Moreover, independent studies show that ASEA when in contact with living cells increased the efficiency of some of our body’s most important native antioxidants inside living cells – such as
glutathione peroxidase and superoxide dismutase (SOD) — more than 500%. In other words, ASEA is purported to significantly stimulate the cell’s own production of the master antioxidants inside the cells without causing an inflammatory immune system response.
What does this mean?
It means that the body becomes empowered to
neutralize approximately 70,000,000 free radicals per second — the rate at which native Glutathione Peroxidase is able to process
oxidative free radicals. Quite an improvement over the results that can be achieved by a diet rich in anti-oxidants.

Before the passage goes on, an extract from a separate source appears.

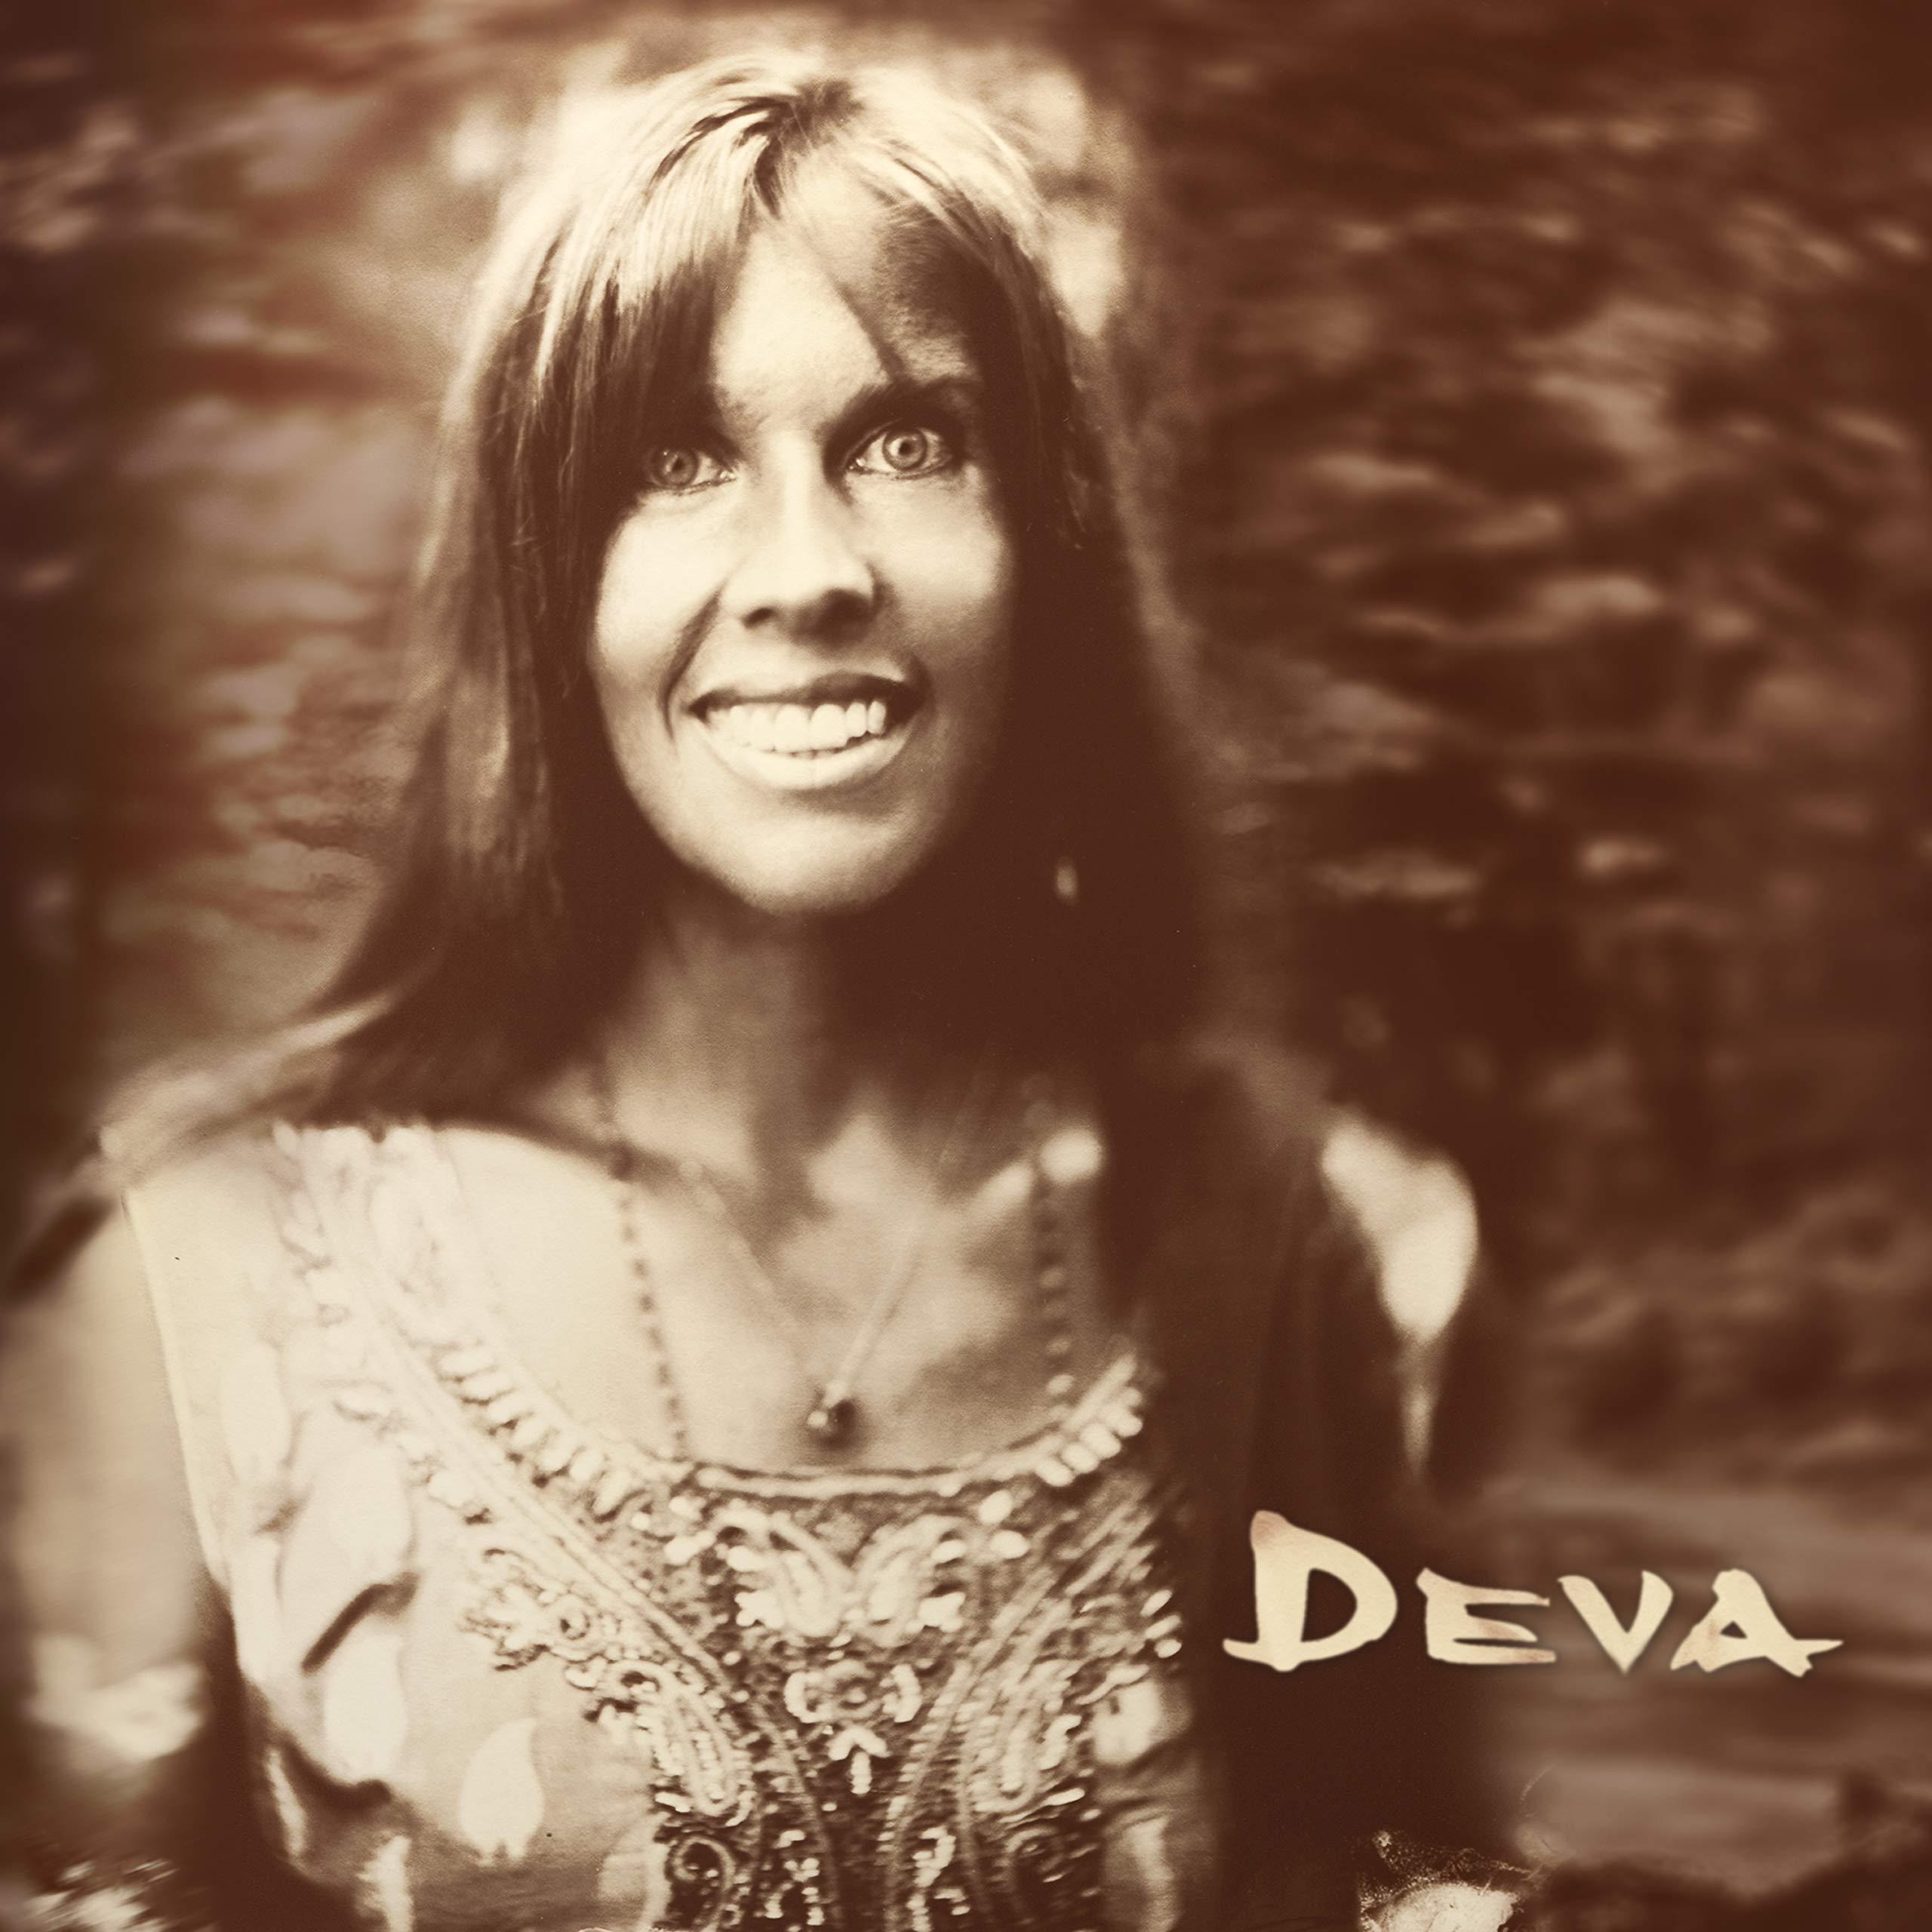 CD : Deva Premal - Deva (CD)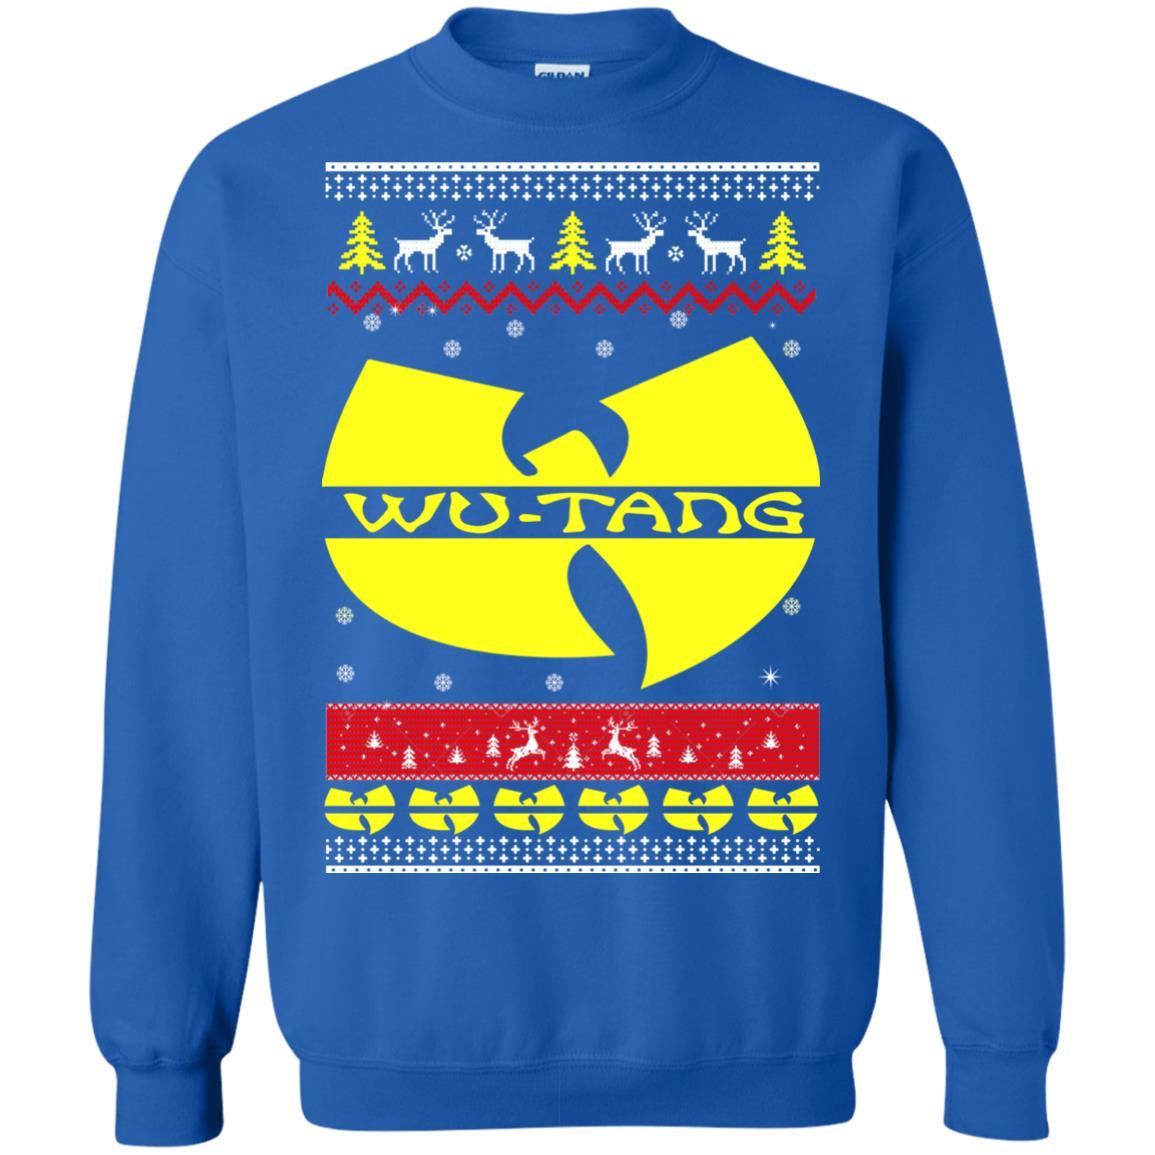 image 1180 - Wu Tang Christmas Sweater, Ugly Sweatshirt

“Asea merely enhances the body’s innate ability to repair itself”
Article obtain from http://pure-healing.info/redox_signaling_molecules_and_asea/
@aeolis,
You posted this on the magnesium thread also. Please take your commercials elsewhere. If you have any actual evidence that ASEA is anything more than salt water or that it has actual clinical benefits to patients, please post your comments on the ASEA thread.
I think that ASEA has about as much science behind it as Radithor did.